Ellen Messmer | July 2, 2013
Late last December ended with a hacker leaking data on 300,000 Verizon FIOS customers which was apparently stolen via a marketing partner of Verizon.

- Digital library and document-sharing website Scribd said it was hacked, though it believes only a small number of users, less than 1%, were impacted. Scribd recommended users change their passwords and said it was conducting a comprehensive security review.

- Apple's iMessage and Facetime messaging systems were hit by a glitch that took the services offline for several hours in early April.

- American Airlines grounded all its flights the afternoon of April 16 after experiencing numerous outages in its reservation system. The airline carrier said it resolved issues with its Sabre system later that day.

- Office supply store chain Staples had to lock down its corporate systems one day when it discovered a malware attack spreading on its systems, according to CRN, which reported on it based on a notification in e-mail to Staples employees.

- Store chain Schnuck Markets revealed that 2.4 million credit and debit cards used at its stores may have been compromised in a cyber theft in which criminals may have installed malware in the company's "processing environment," as payment cards were awaiting authorization. The company said 79 of its 100 stores were impacted.

- The 21-year-old hacker found guilty of a long string of crimes, including distributing a keylogger Trojan disguised as a Call of Duty software patch, has pleaded guilty to launching DDoS attacks on the websites of Oxford and Cambridge universities, which indicated they spent two weeks dealing with the attacks. Separately, Lewys Martin was also accused by police of harvesting 300 credit cards during his keylogging campaign.

- A fake press release went across the Internet, claiming that Chinese search giant Baidu had made an offer to acquire social-gaming company Zynga. The fake release said Baidu was offering to buy Zynga for $10 a share and contained made-up quotes from executives to that effect. The hoax, refuted by the firms, didn't get much attention, and the website, PR Urgent, that was hosting the bogus information took down the fake press release.

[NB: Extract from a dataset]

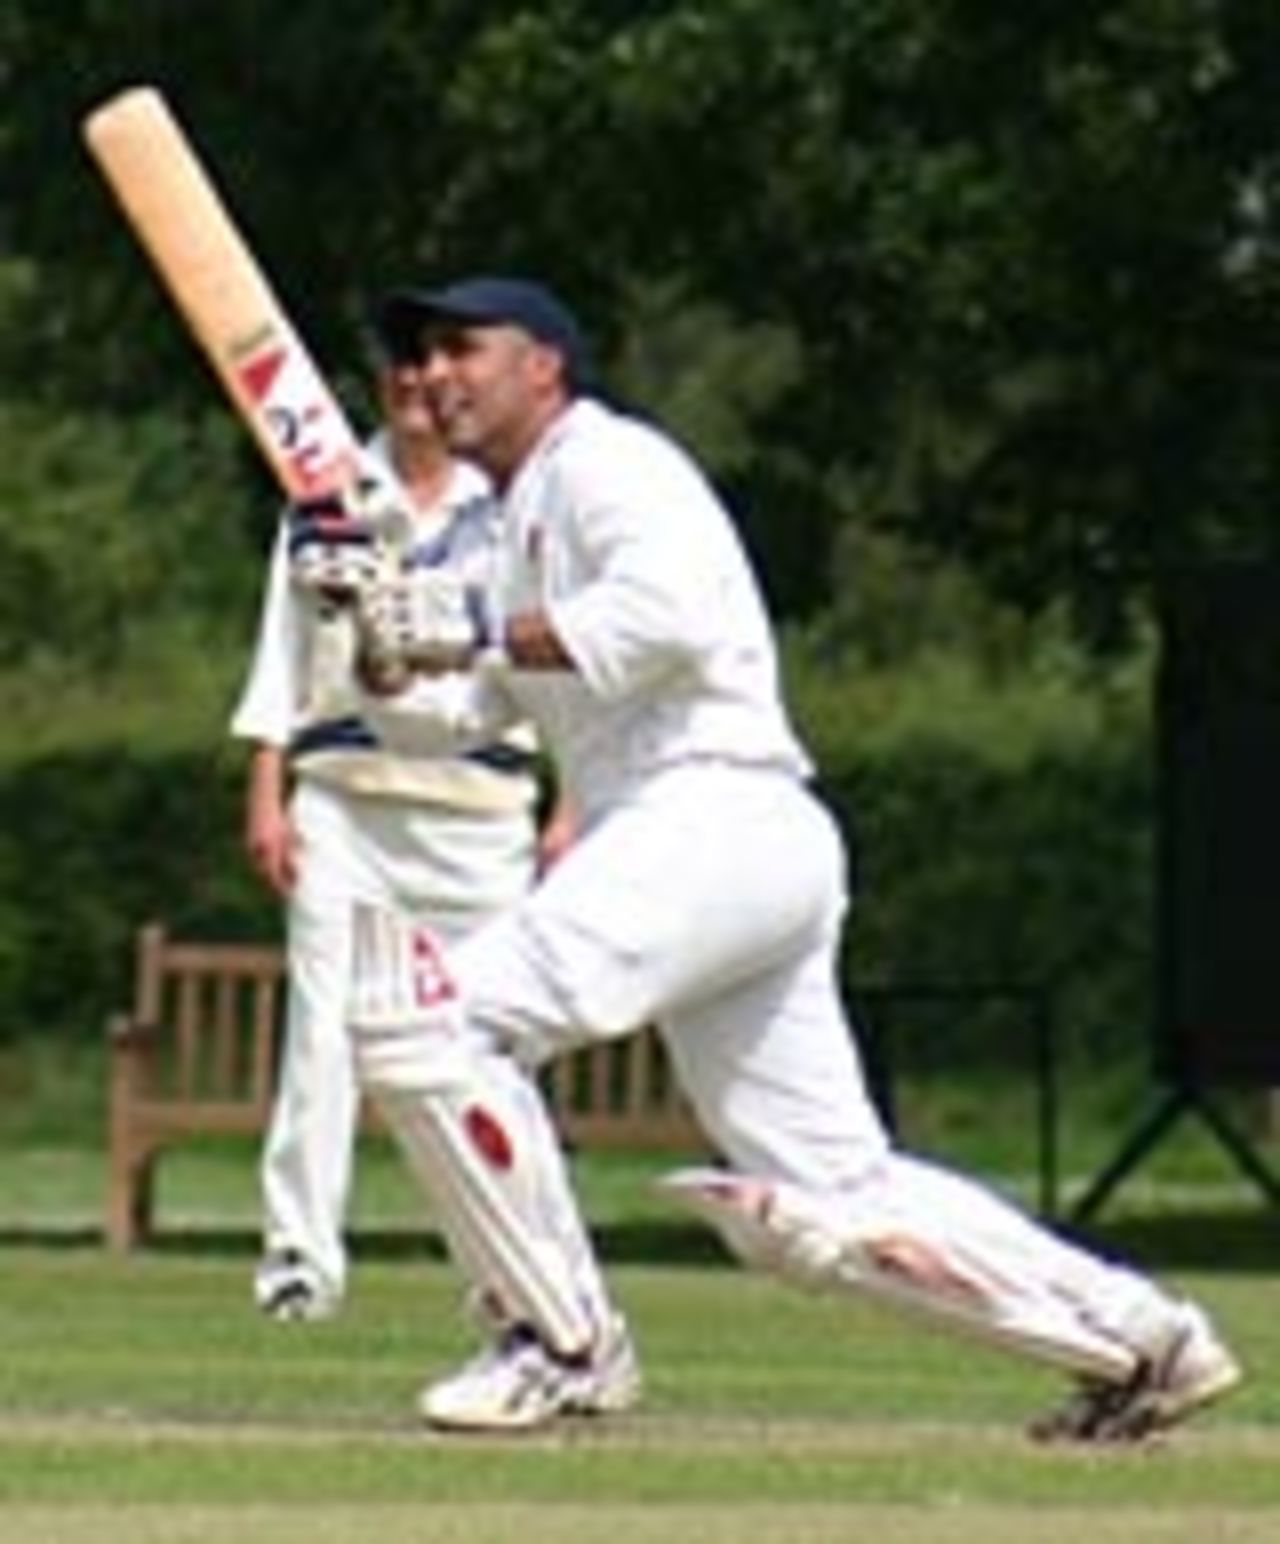 Abeed Janmohamed batting, Old Cranleighans v Old Suttonians, Cranleigh, July 18, 2004
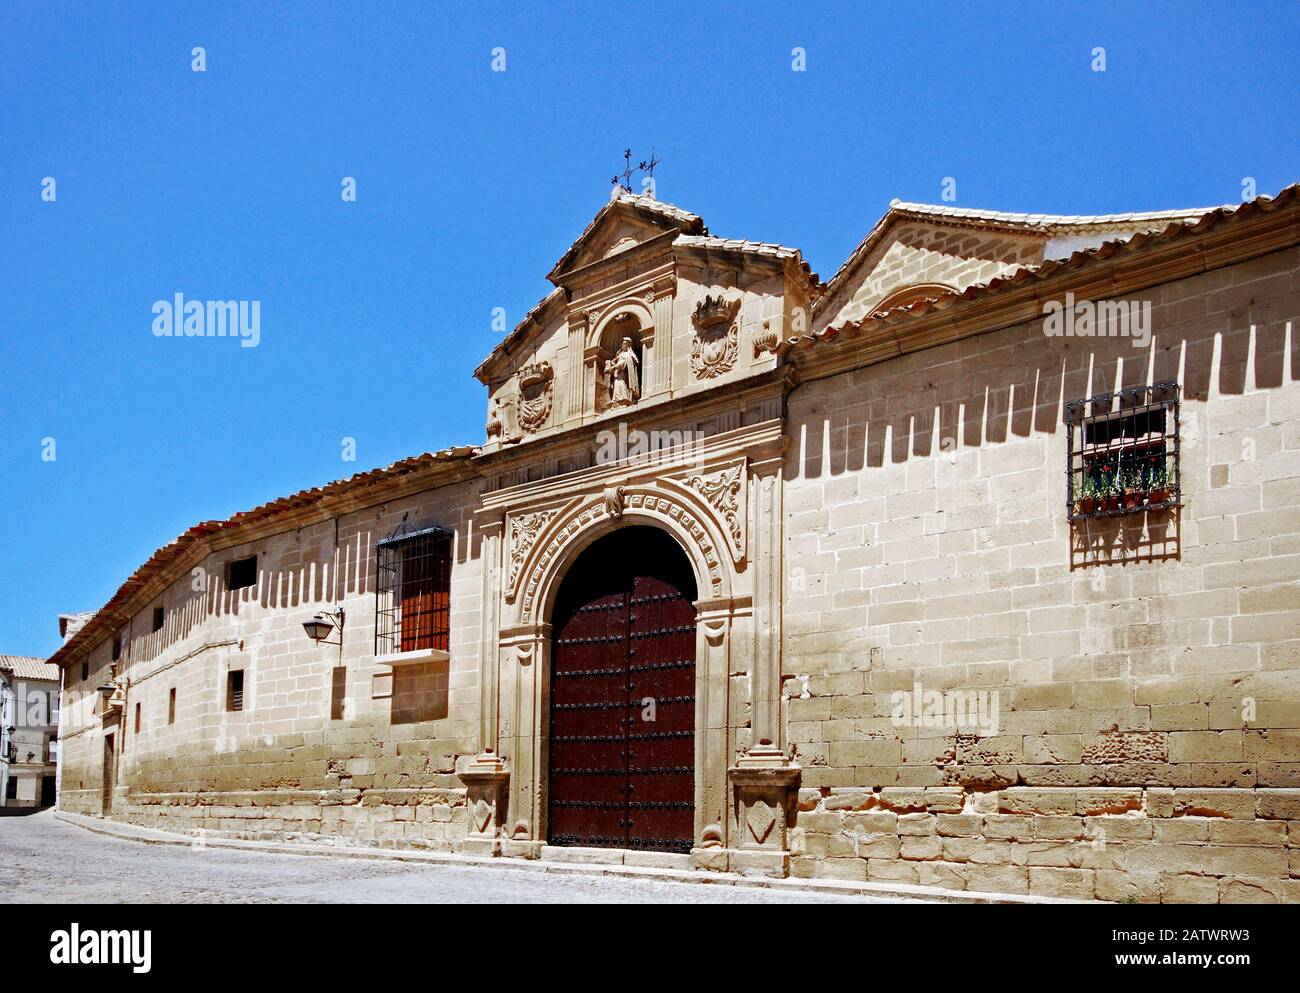 Vue sur le couvent de Santa Clara (XIIIe - XVIIIe siècles), Ubeda, Andalousie, Espagne. Banque D'Images

- After someone hacked an Associated Press (AP) Twitter account and posted a bogus tweet saying the White House had been attacked, the Dow, which had been up about 130 points, fell into the red for two minutes, erasing $200 billion of stock value, but bounced back quickly when it came clear the "news" was a hoax. A group called the Syrian Electronic Army too credit for the fake AP message. Other news organizations whose Twitter accounts were hacked that month include CBS and NPR. And oh, the fake news site The Onion was hacked, too.

- Sears, which owns Kmart, said a robbery the month before at a Little Rock, Ark., store resulted in a thief taking from a safe not just $6,000 in cash but the day's backup disk that was unencrypted and apparently not password-protected. It included the full names, addresses, dates of birth, prescription numbers, prescribers, insurance cardholder IDs and drug names for some 788 customers, according to Sears, and some customer Social Security numbers.